» **The problem**: Exactly the lines from the line that has "Blac Chyna Shows" through the final line below are to be retyped, and the pictures are not.

[Data excerpt — start]

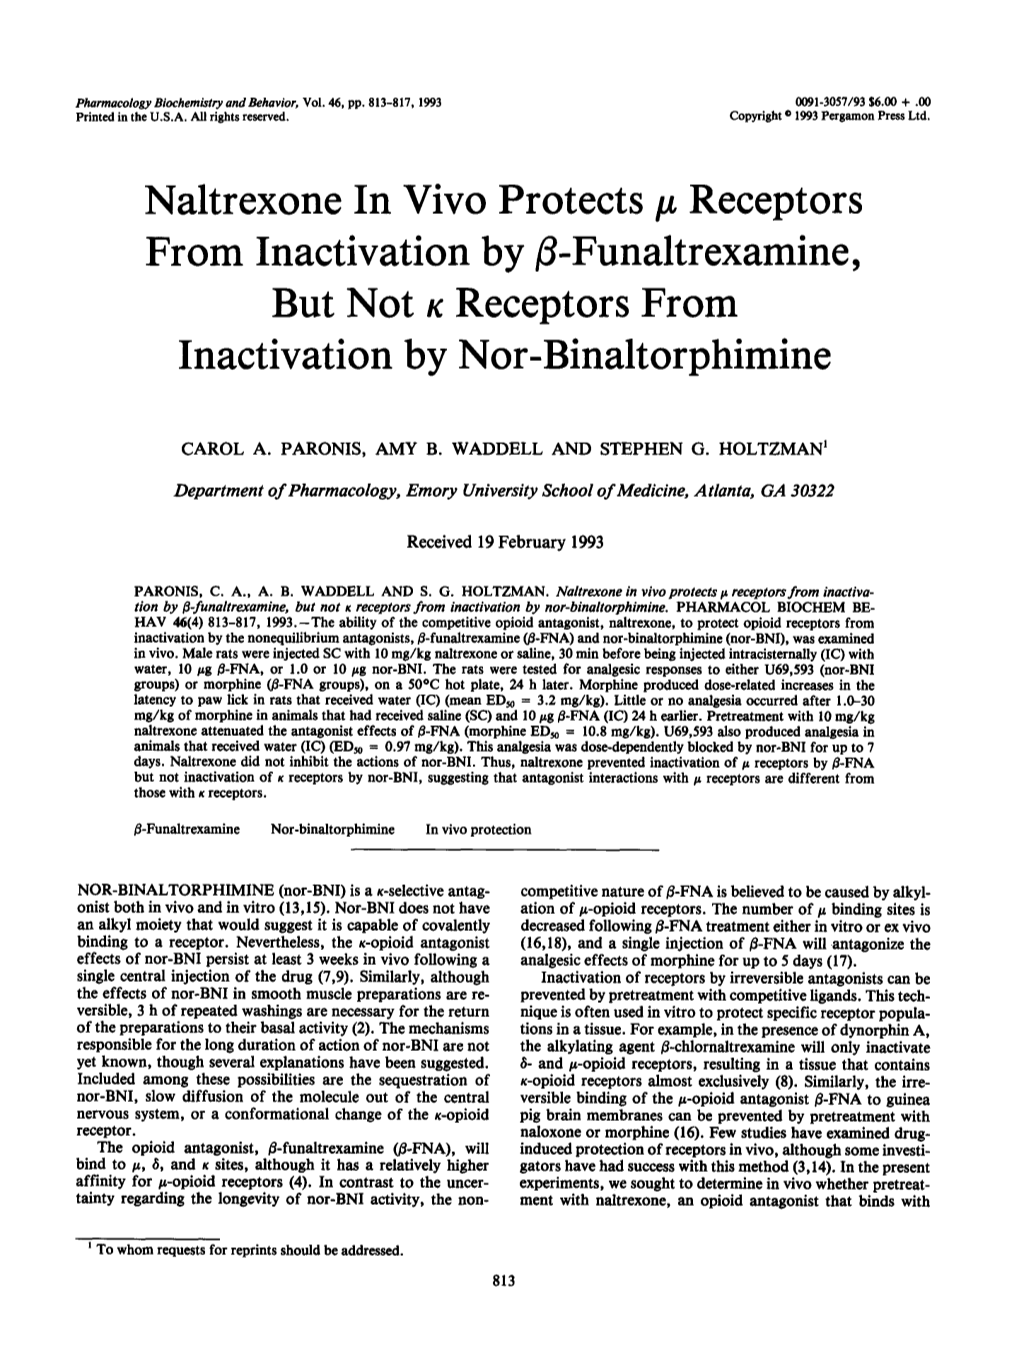 Naltrexone in Vivo Protects/ Receptors from Inactivation by B-Funaltrexamine, but Not R Receptors from Inactivation by Nor-Binaltorphimine
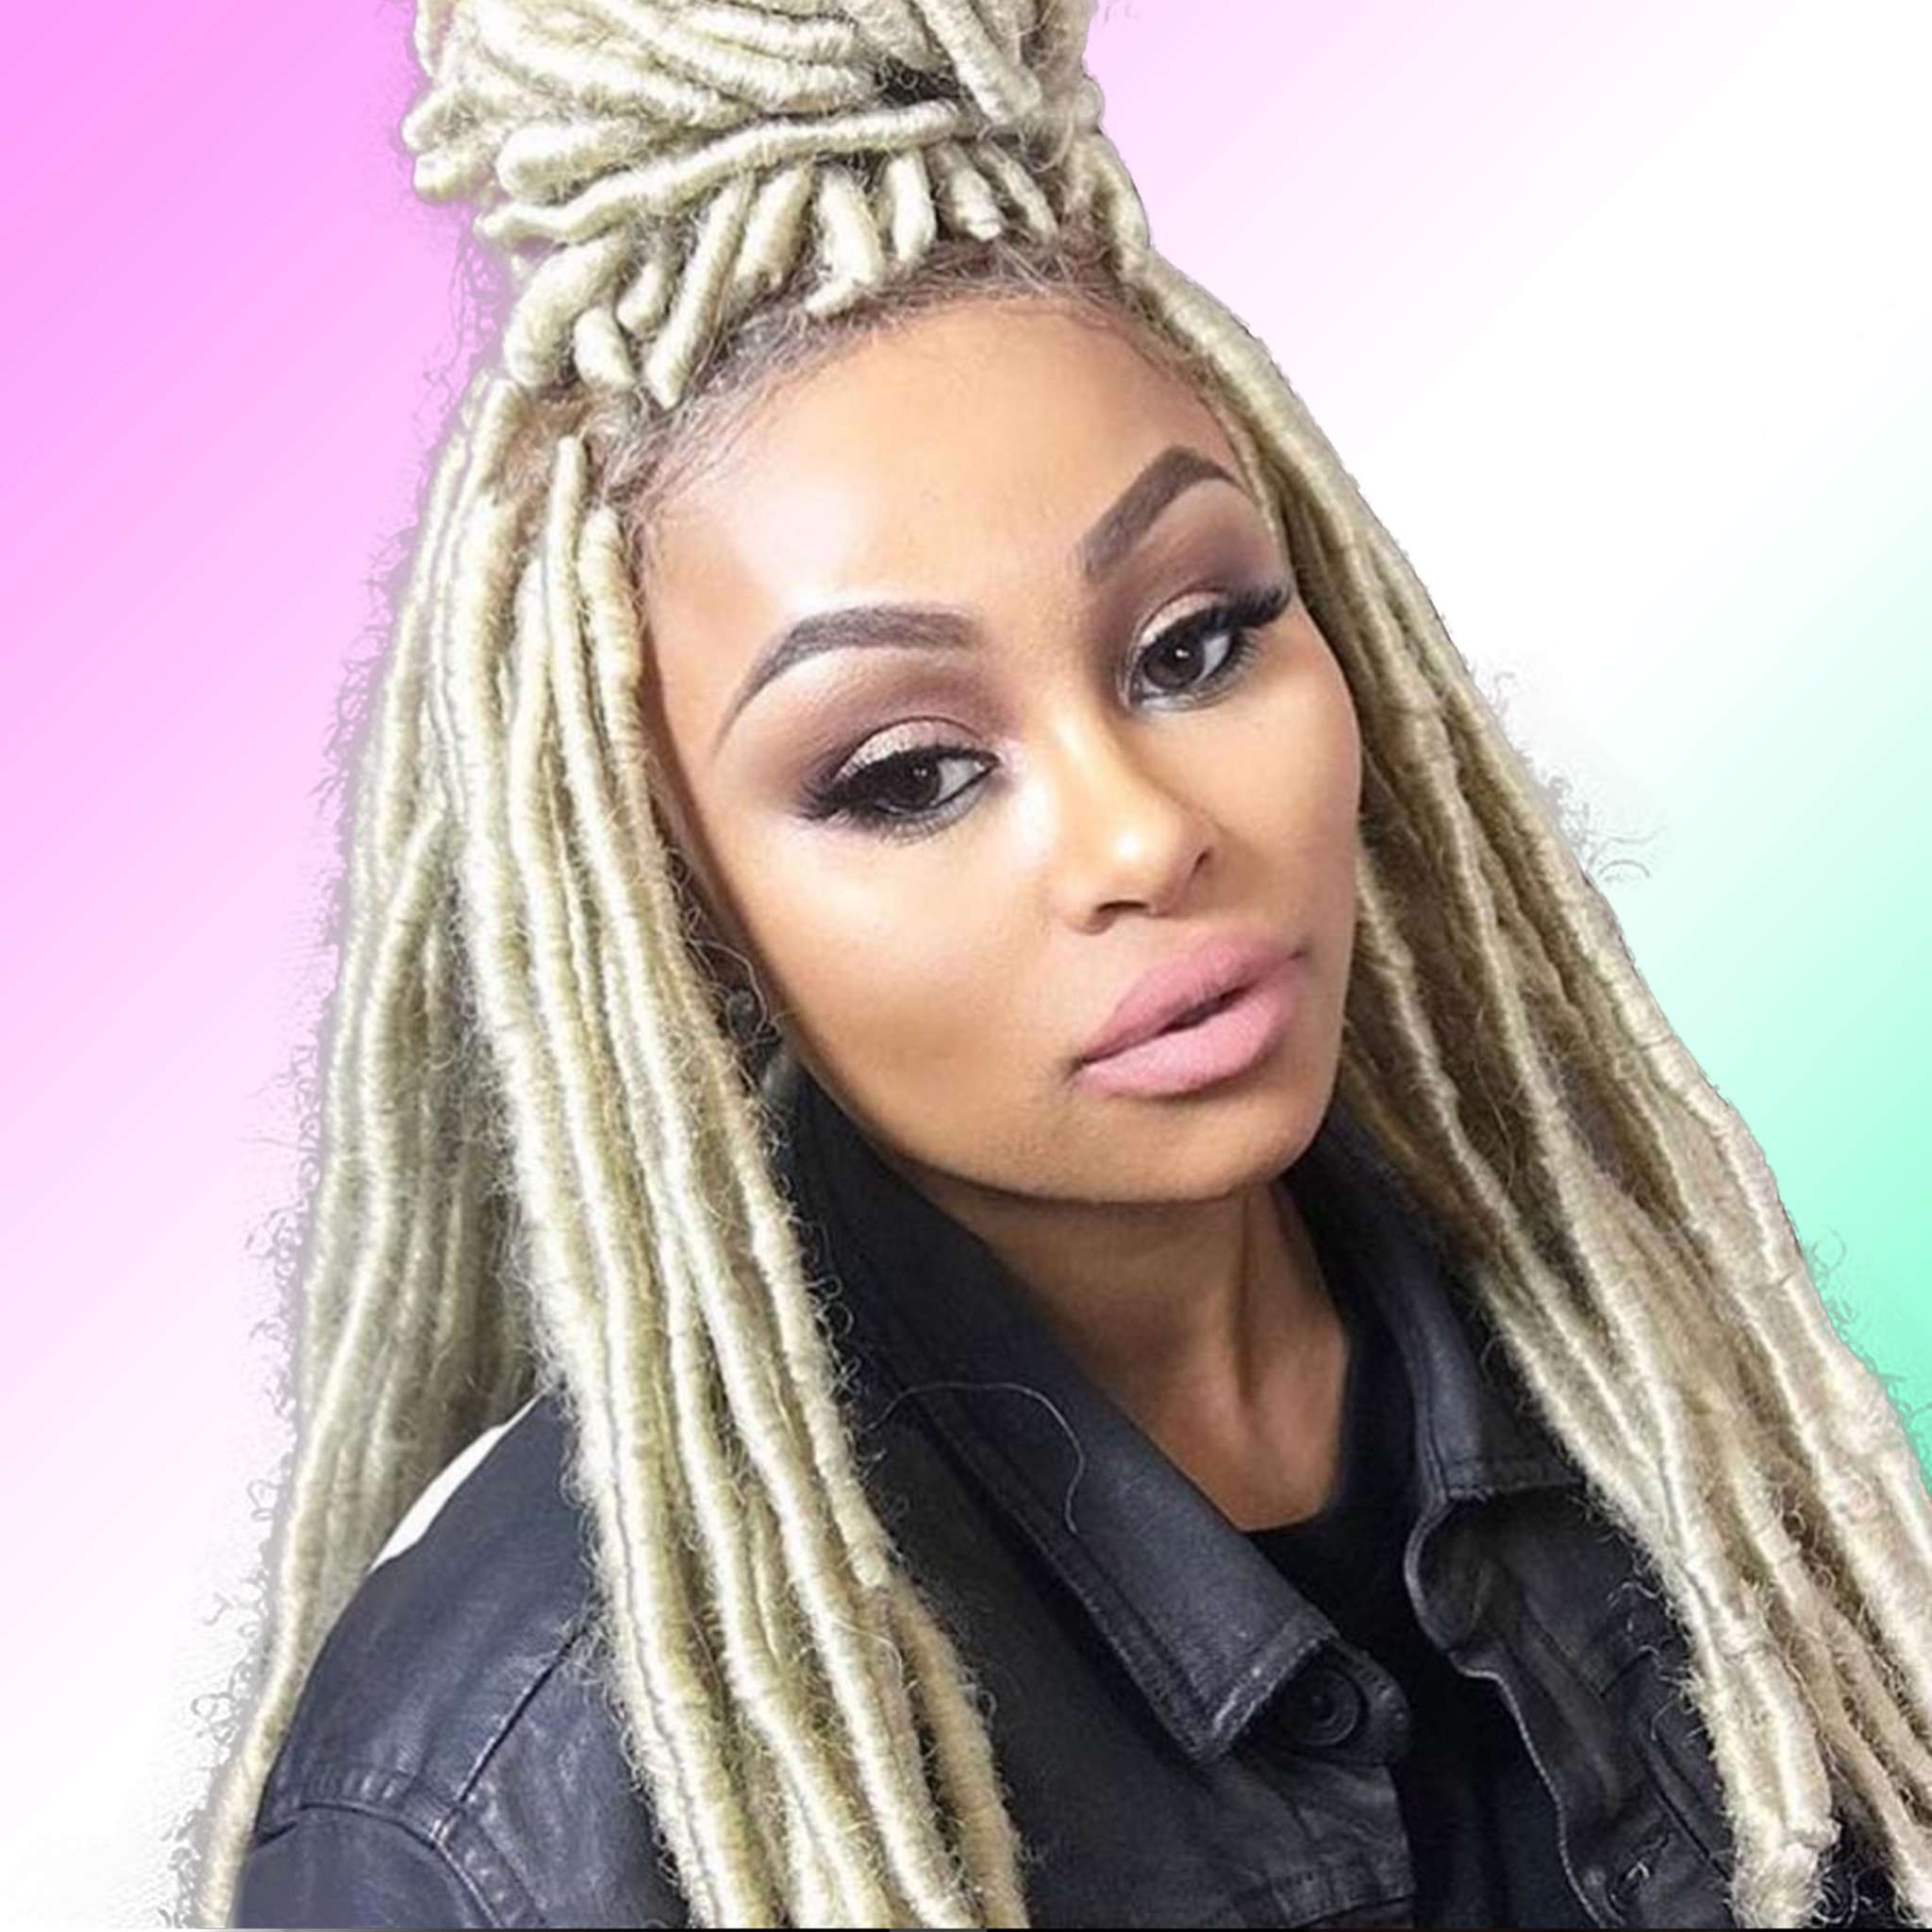 Blac Chyna Shows Off Her No-Makeup Face And Shares Her Secret For Looking Flawless
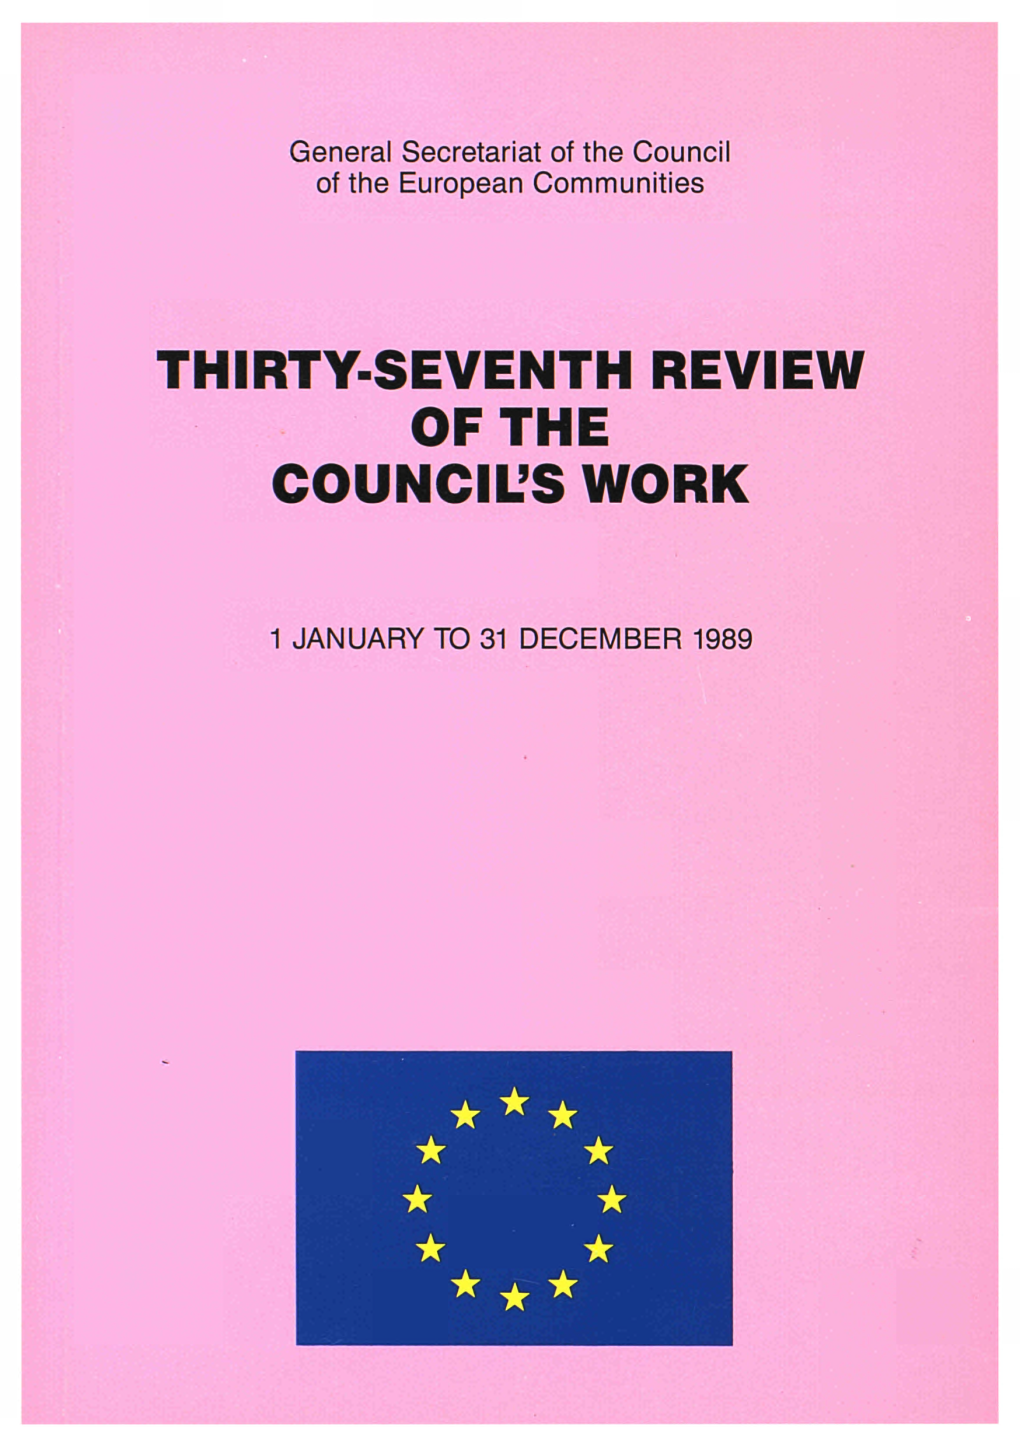 Thirty-Seventh Review of the Council's Work
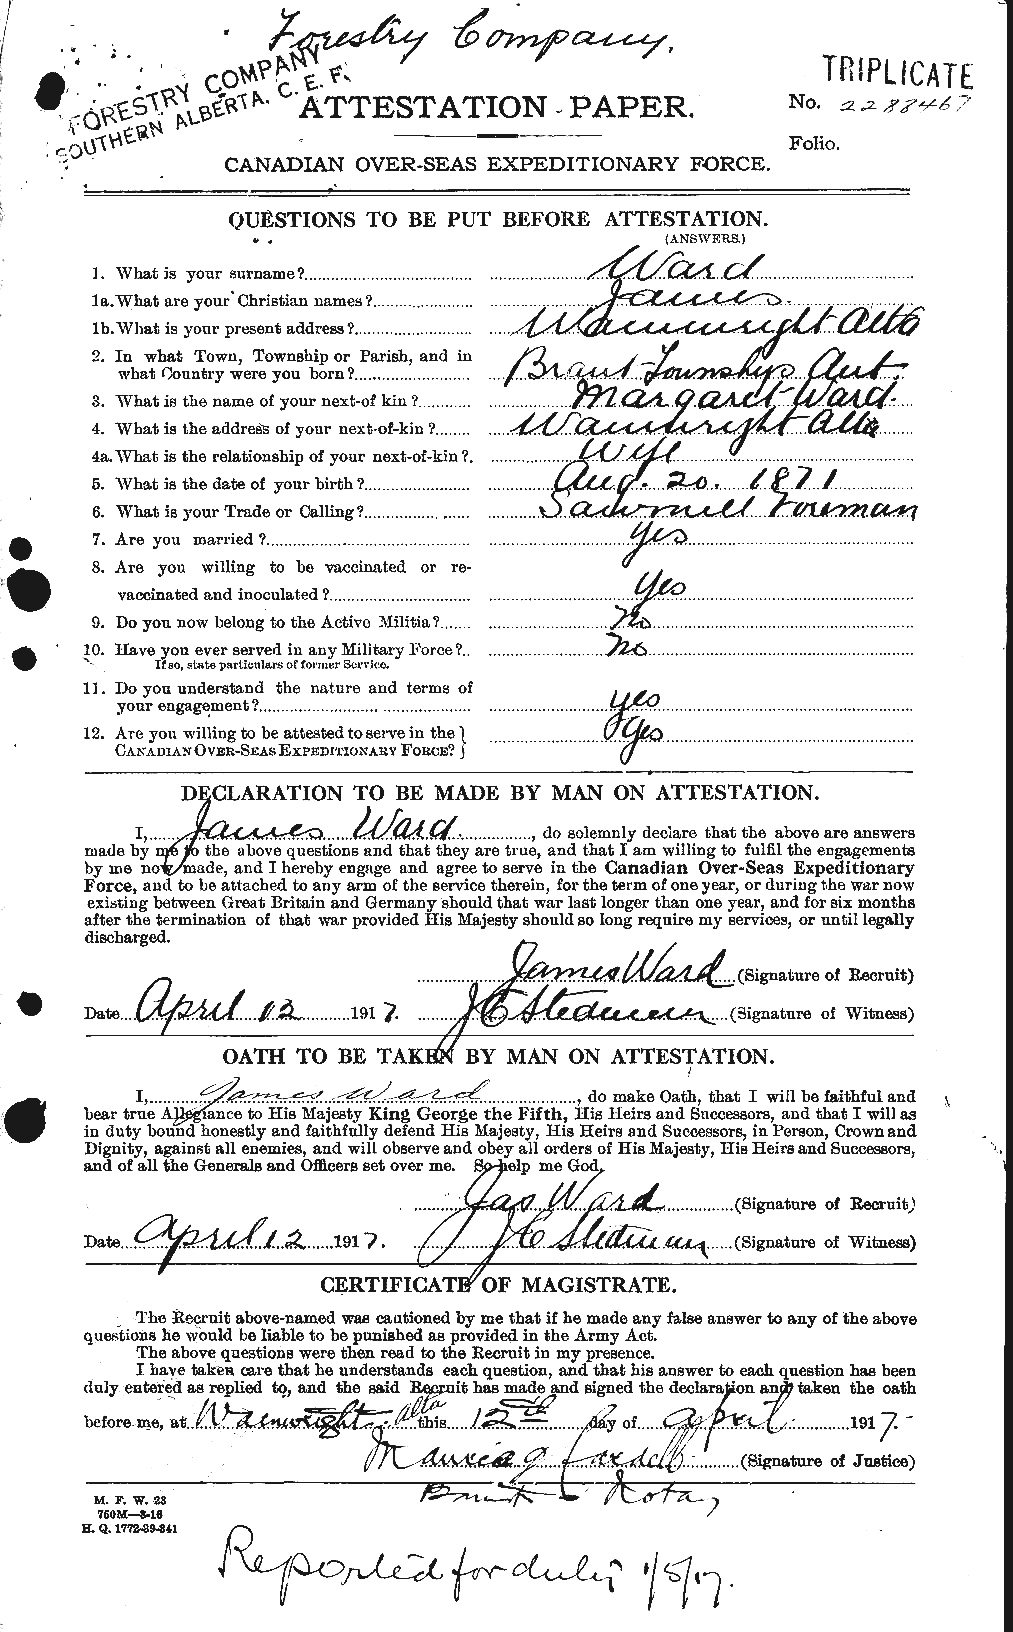 Personnel Records of the First World War - CEF 657883a

[Data excerpt — finish]

» **Finished task**:
 Blac Chyna Shows Off Her No-Makeup Face And Shares Her Secret For Looking Flawless
 Thirty-Seventh Review of the Council's Work
 Personnel Records of the First World War - CEF 657883a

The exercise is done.